Travis Kalanick is Uber's biggest asset, and now its biggest liability
Travis Kalanick Uber CEO
Travis Kalanick Uber CEO

(Uber CEO Travis KalanickREUTERS/Danish Siddiqui)

Uber would not exist without Travis Kalanick.

He wasn't the one to come up with the idea for it or even its first CEO. But there's no doubt that Kalanick was the one to take the company from a seed of an idea for a car service and to craft it into the most valuable private technology "startup" — if you can even call it that — that it is today.

Often, that meant springing into battle against whatever stood in the company's way, whether it was the "a**hole named taxi," as Kalanick once referred to his foes in the taxi industry, or the city regulators that have tried to block his business at every turn.

Kalanick's aggression, dedication, and scrappiness built Uber. But now those same traits threaten to tear it down.

In the last week alone, Uber was the subject of a former engineer's high-profile allegations of sexual harassment and a subsequent New York Times investigation detailing a litany of ugly behavior. The company was publicly rebuked by one of its most famous investors, and then accused of using stolen technology, and sued, by another big investor.

That's a bad week for any company, but for Uber the string of challenges has exposed a dangerous reality that threatens to derail the $69 billion company's path to an IPO: The company no longer enjoys the benefit of the doubt from many of its customers, the media or the general public.

Given the fractured state of the company's reputation, this could well be the tipping point

A big reason for that is because of the reputation it's earned over the years under Kalanick's leadership, and some observers now believe any resolution to Uber's current crisis will have to involve a change with the 40-year-old Kalanick.

"If I were on the board, I would find a way to get rid of him," said Michael Barnett, a business and management professor at Rutgers University. That may not be a realistic scenario in the eyes of many industry insiders, but it's clear that the company has to make some kind of change if it wants to regain the credibility it needs for the business to continue to thrive.

A compounding crisis

This isn't the first time Uber's faced a string of corporate public relations disasters, but it's the first time it's brought the company to a tipping point.

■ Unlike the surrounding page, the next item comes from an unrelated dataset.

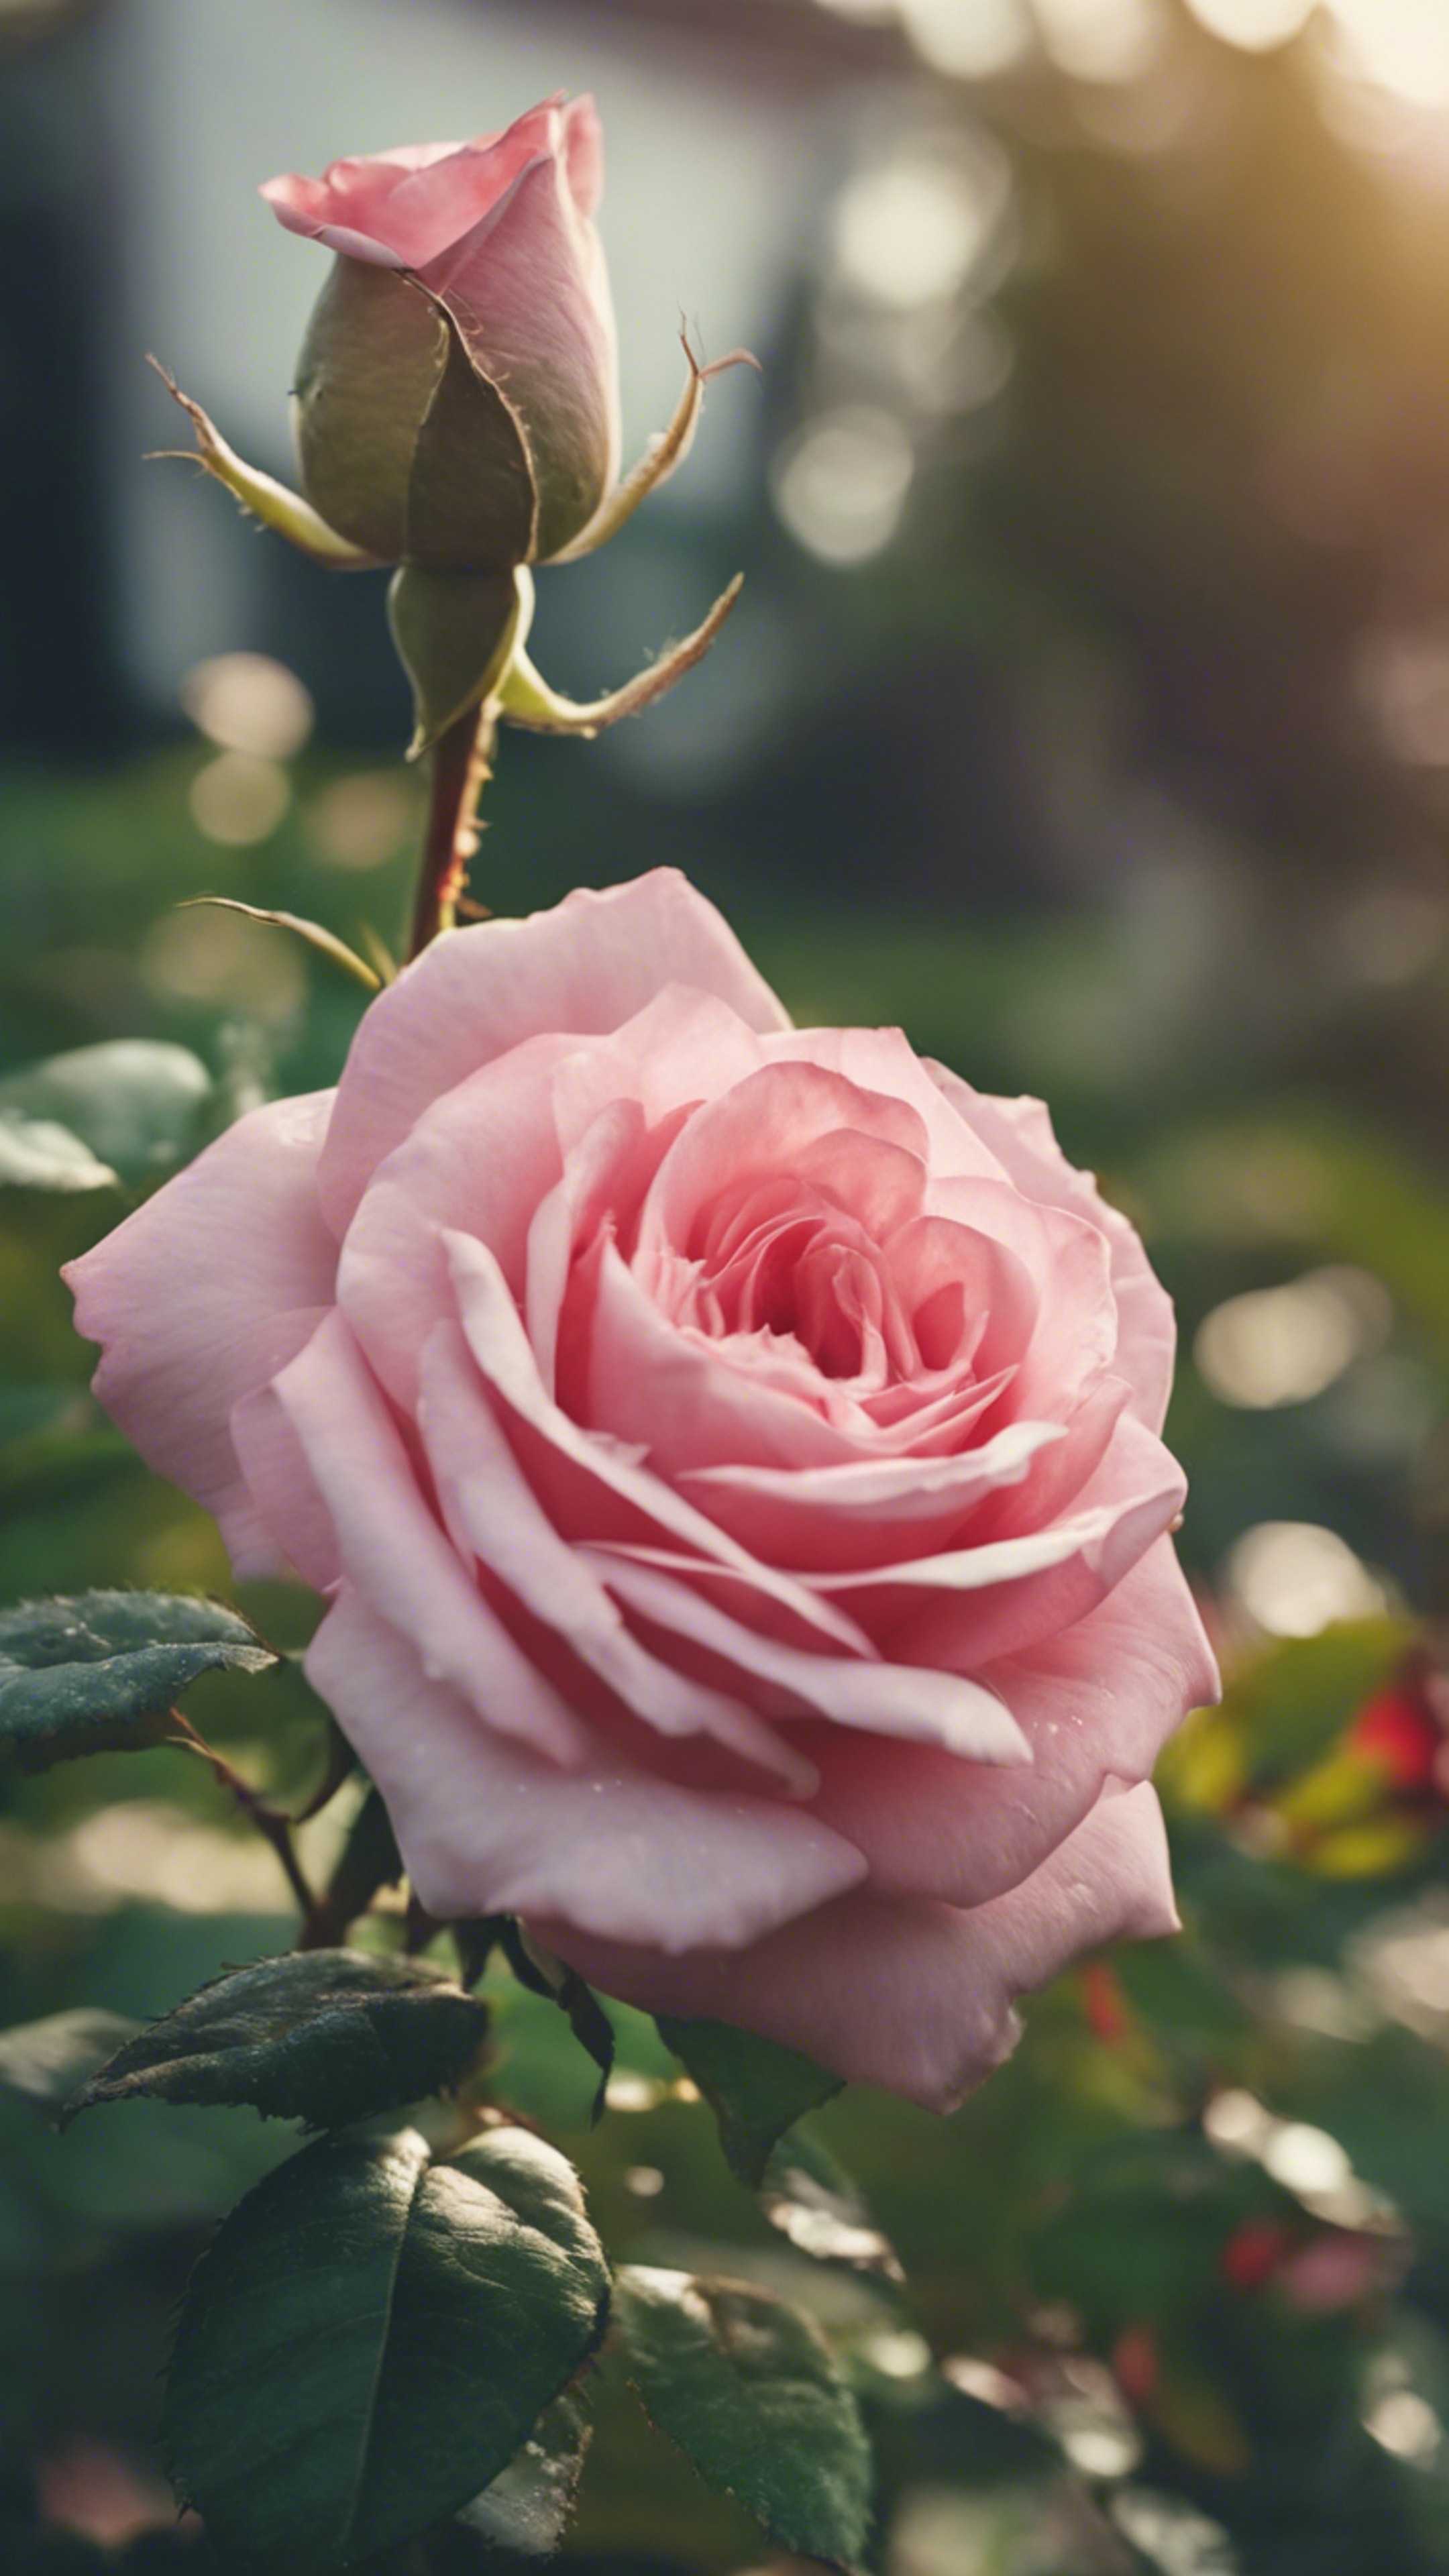 A beautiful pink heart-shaped rose blooming in a lush green garden. Hình nền[602cae484ee541a8ab0b]

Twice in the last month the company has had to update the automated messages it sends users when they delete their accounts, appending special entreaties asking for forgiveness. The first was during the #DeleteUber movement when more than 200,000 people deleted their accounts in a weekend — an uptick so dramatic that Uber had to build an entirely new system to handle it. This past week, Uber had to update the message again to tell users just how badly it was hurting in wake of the accusations of a sexist work culture at the company.